Portal to all the other notes
- Lecture 01 - 2017.09.06
- Lecture 02 - 2017.09.13
- Lecture 03 - 2017.09.20
- Lecture 04 - 2017.09.27
- Lecture 05 - 2017.10.04
- Lecture 06 - 2017.10.11
- Lecture 07 - 2017.10.18
- Lecture 08 - 2017.10.25
- Lecture 09 - 2017.11.01
- Lecture 10 - 2017.11.08
- Lecture 11 - 2017.11.15 -> This post
- Lecture 12 - 2017.11.20
- Lecture 13 - 2017.11.29
- Lecture 14 - 2017.12.06
Lecture 11 - Nov 15 2017
Reinterpretation of last part of item (c) in proof of Theorem 5.2.1 in textbook.
Recall : let $X$, $Y$ be 2 random variables. Just to make things simple, assume $X$ and $Y$ are discrete, with PMF’s $P_x$ and $P_y$ and joint PMF $P_{X,Y}$.
Generally, for $h$ a function $\mathbb{R}\rightarrow\mathbb{R}$,
\[E(h(X)Y) = E(h(X)g(X))\]
where \(g(x)=E(Y\vert X=x)\).
We want to think of that result in the following way:
-
The meaning of the notation \(g(X)\) is the value of the function ( g(x) ) where \(x\) is replaced by the random variable \( x \).
-
However, we reinterpret \(g(x)\) as:
\[ g(X)=E(Y\vert X) \]
(think of this as a definition.)
Now we reinterpret the formula above like this:
\[\begin{align*} E(h(x)|Y) &= E(E(h(X)Y|X)) (\star) \\ &= E(h(X)E(Y|X)) \end{align*}\]The first line means “An expectation can always be written as the expectation of a conditional expectation”. It is known as the “tower” property of conditional expectation.
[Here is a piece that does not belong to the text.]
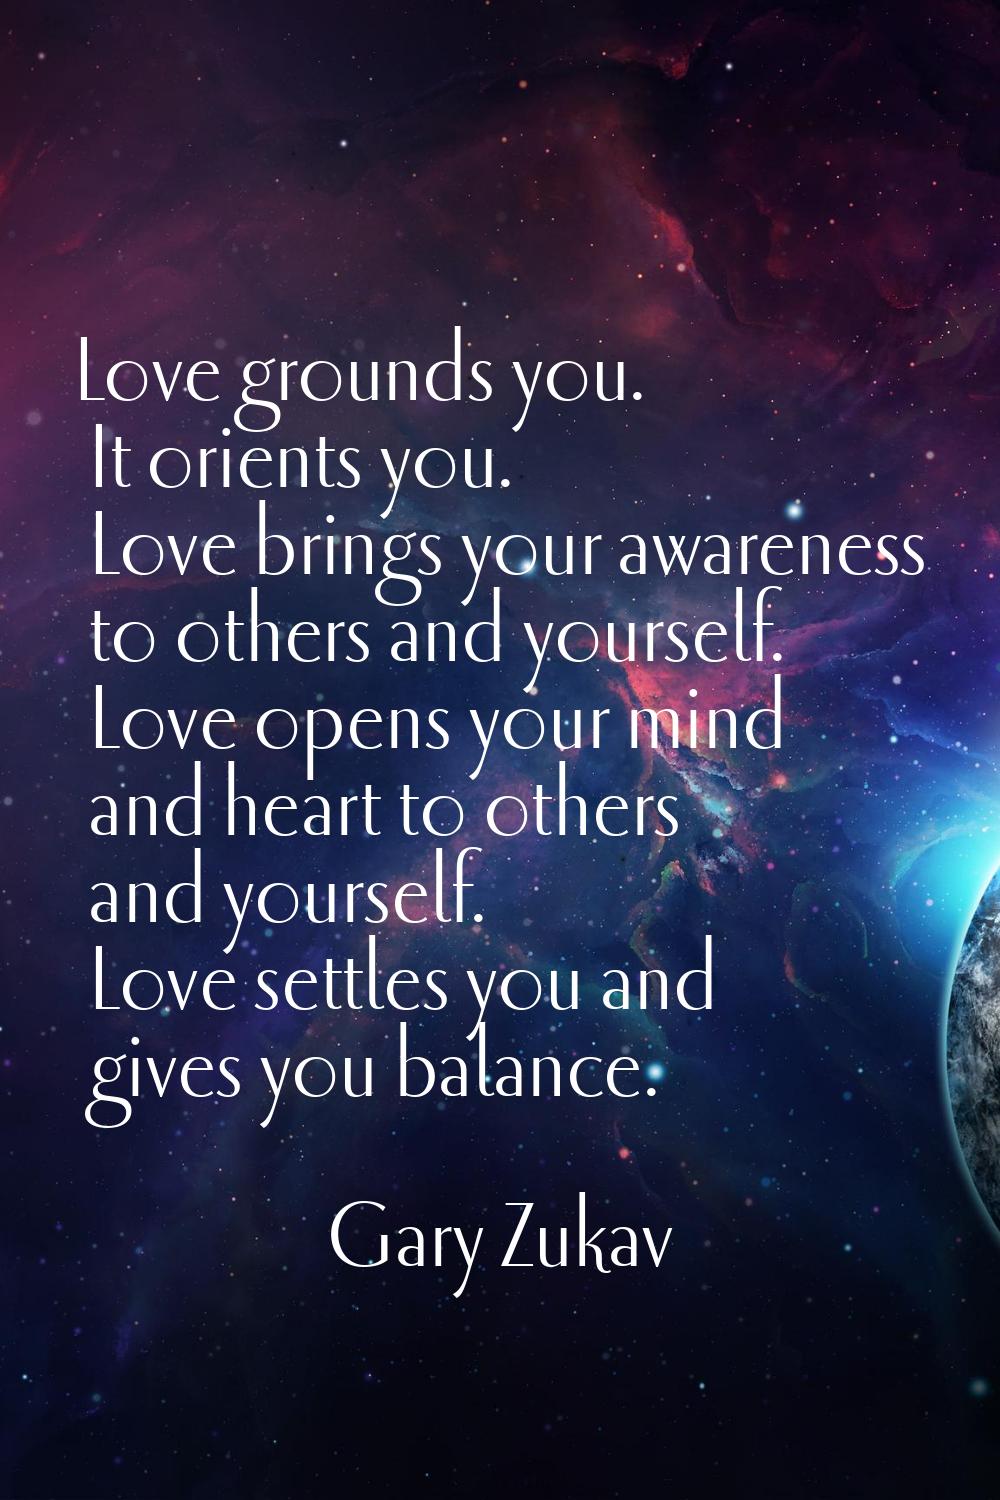 Love grounds you. It orients you. Love brings your awareness to others and yourself. Love opens you

The second line means: “when conditioning by \(X\), \(X\) can be considered as known (non-random) and any factor depending on \(X\) can be pulled out of the conditional expectation”.
Proof the Star ($\star$):
\[\begin{align*} RHS &= E(h(X)g(X)) \\ &= E(h(X)E(Y|X)) \\ &= \sum_{X} h(x)E(Y|X=x)P_X(x) \\ &= \sum_xh(x)\sum_y f \frac{P_{X,Y}(x,y)}{P_X(x)}\\ &= \sum_x h(x) \sum_y yP_{X,Y}(x,y) \\ &= \sum_x\sum_yh(x)yP_{X,Y}(x,y)\\ &= E(h(X)Y) \end{align*}\](RHS = right hand side) This is the proof of star.
Next, we use star ($\star$) to compute the unconditional variance \(Var(Y)\) by conditional by \(X\).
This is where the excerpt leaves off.